Oh, that pencil, what technology. And the quill pen. Every treaty signed by Uncle Sam and his minions broken with First Nations.

The pen is mightier than the sword, for sure.

Busy busy busy psychotic brains, that old Oppen-Monster-Heimer saw -- "To men like us, the rules need not apply." -- Oppenheimer

:And so the Israelization and Gazafication of the Globe is in high gear, and so there is no green tech, no green movement, as green is the new green, and the overlords and their Eichmann's and family lines will never go gently into the night.

Until we start from the ground up. Seemingly haphazardly Molotovs here and grenades there.

No?

No cookbook for the new anarchist? Jamming those drones with a 200.00 jamming device? No?

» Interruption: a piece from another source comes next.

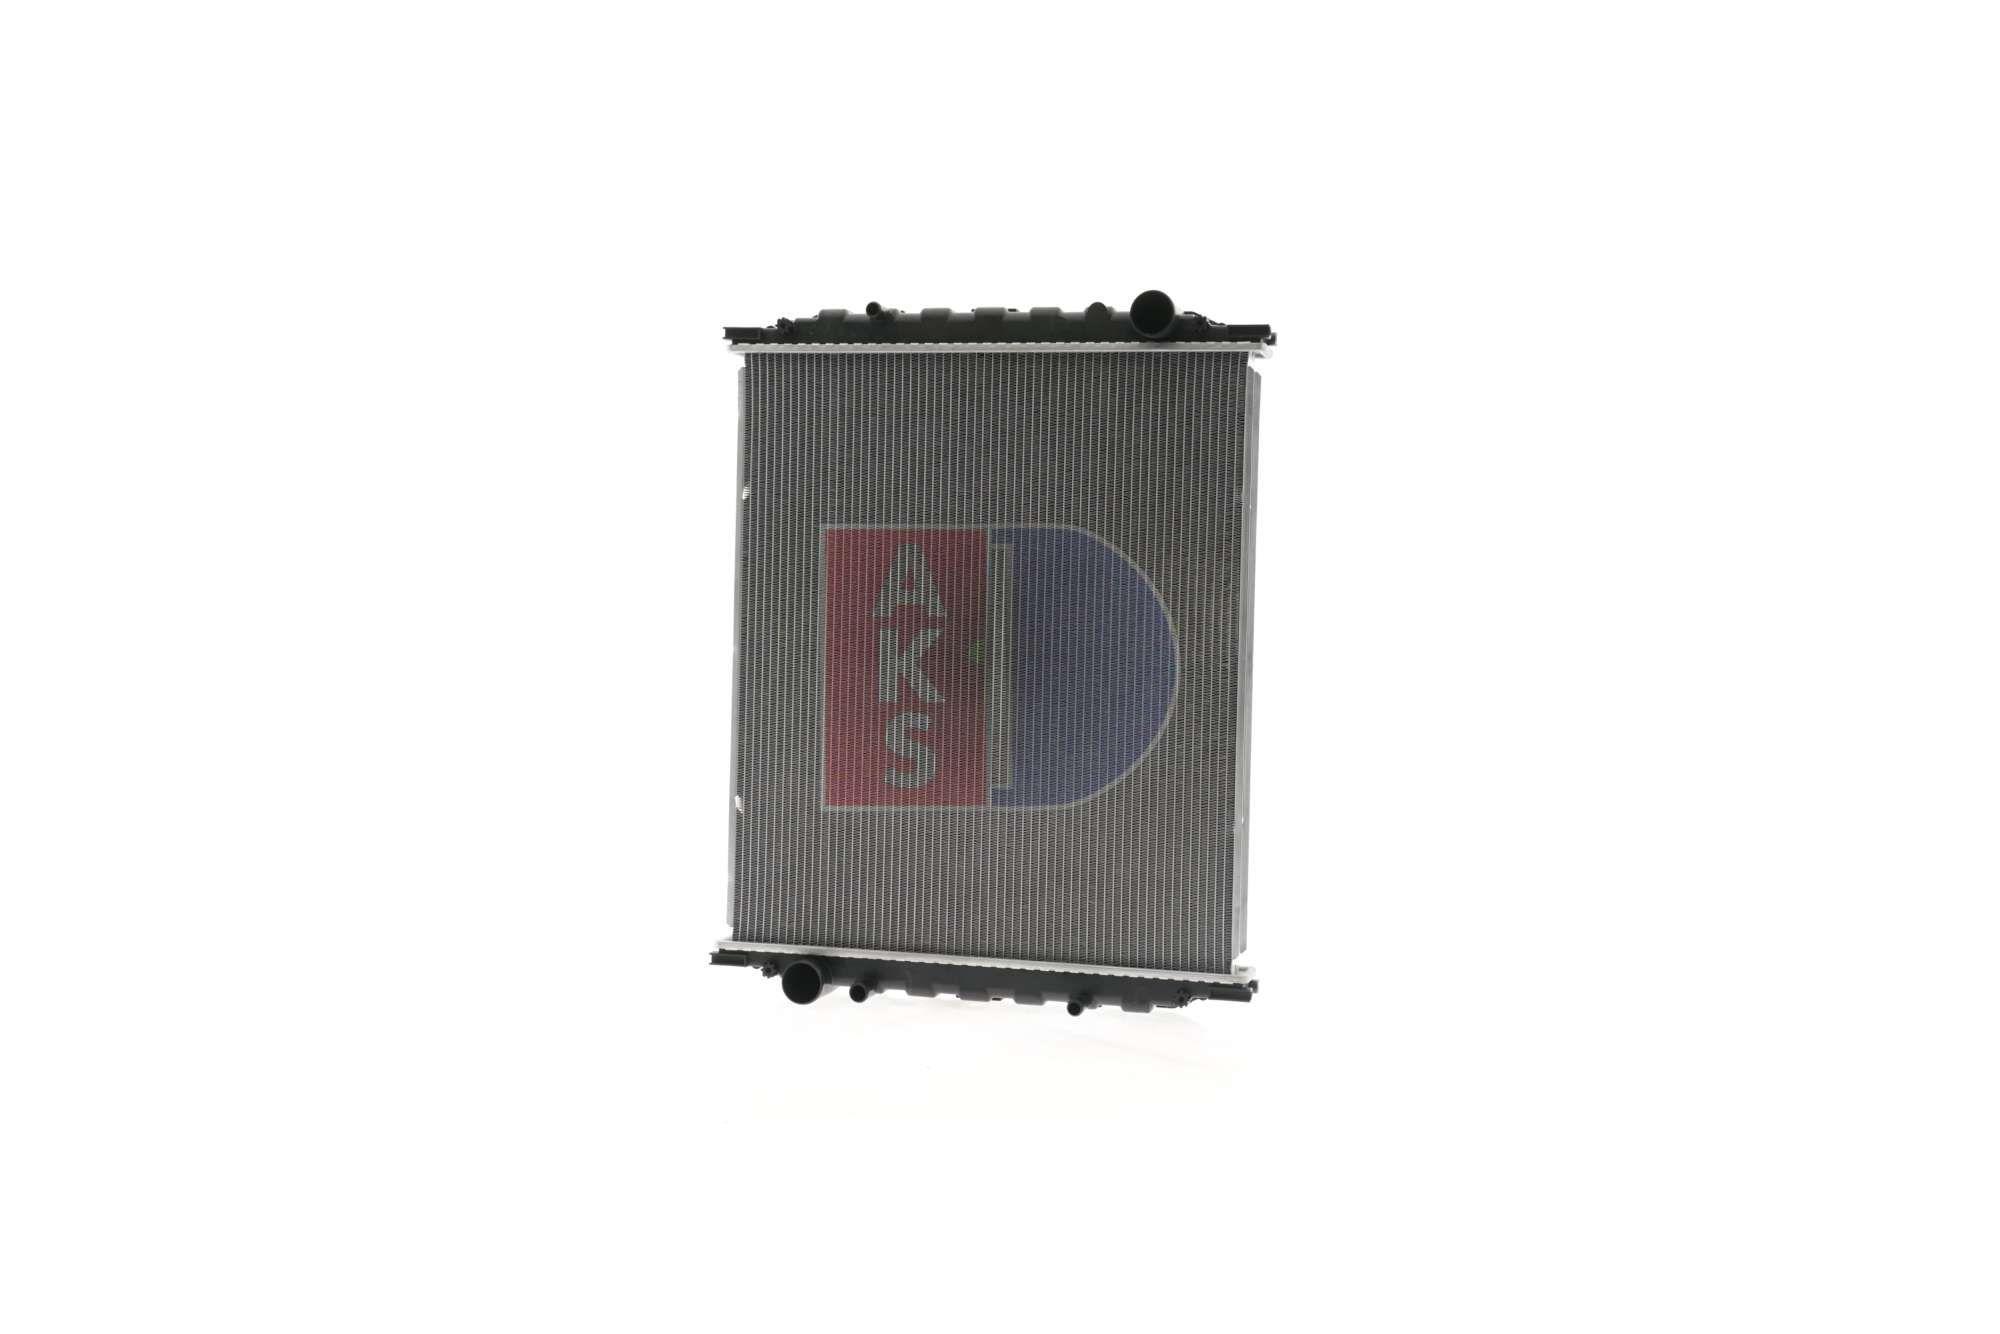 Kühler, Motorkühlung AKS DASIS 262110S mit 20% Rabatt kaufen

It just gets really worse, and the Last American Vagabond with Whitney Webb is telling, as is Alison McDowell's Wrenchinthegears.

You have to know the enemy, and it is this Megalomania White Psychotic royal inbred.

Take a deep breath and watch:

The Palantir Panopticon & Trump's New Big Tech-Led "Private Health Tracking System" w/ 7Sees

No tin foil hat necessary.

https://www.youtube.com/live/UYU3ByiMp0M?si=cIoE_57yOycqRCva

+--+

Will is on my show, KYAQ.org next Wednesday, 6 pm pST August 6.

Or, listen NOW:

https://paulokirk.substack.com/p/airs-august-13-podcast-and-substack

+--+

John Steppling: Try him out for size!

The grand narrative is also a meta-narrative. Or usually, and in the post internet culture of the West everything is becoming ‘meta’. As real life recedes, both materially, and cognitively, there is a sense in which institutions come to replace myth. Now the Empire (all empires) have a close relationship to Apocalypse. And they spend some effort to manage apocalypse and to always mediate any insistence on specific dates for end-times. But the myths of the West today, and here science is foremost, have both secularized apocalypse, but also rationalized it and sort of branded it. The entire apparatus of climate propaganda, as an example, is fear mongering but fear mongering always has an implied apocalypse at the end of it. Without apocalypse the threat of rising temperatures just means changing holiday destinations.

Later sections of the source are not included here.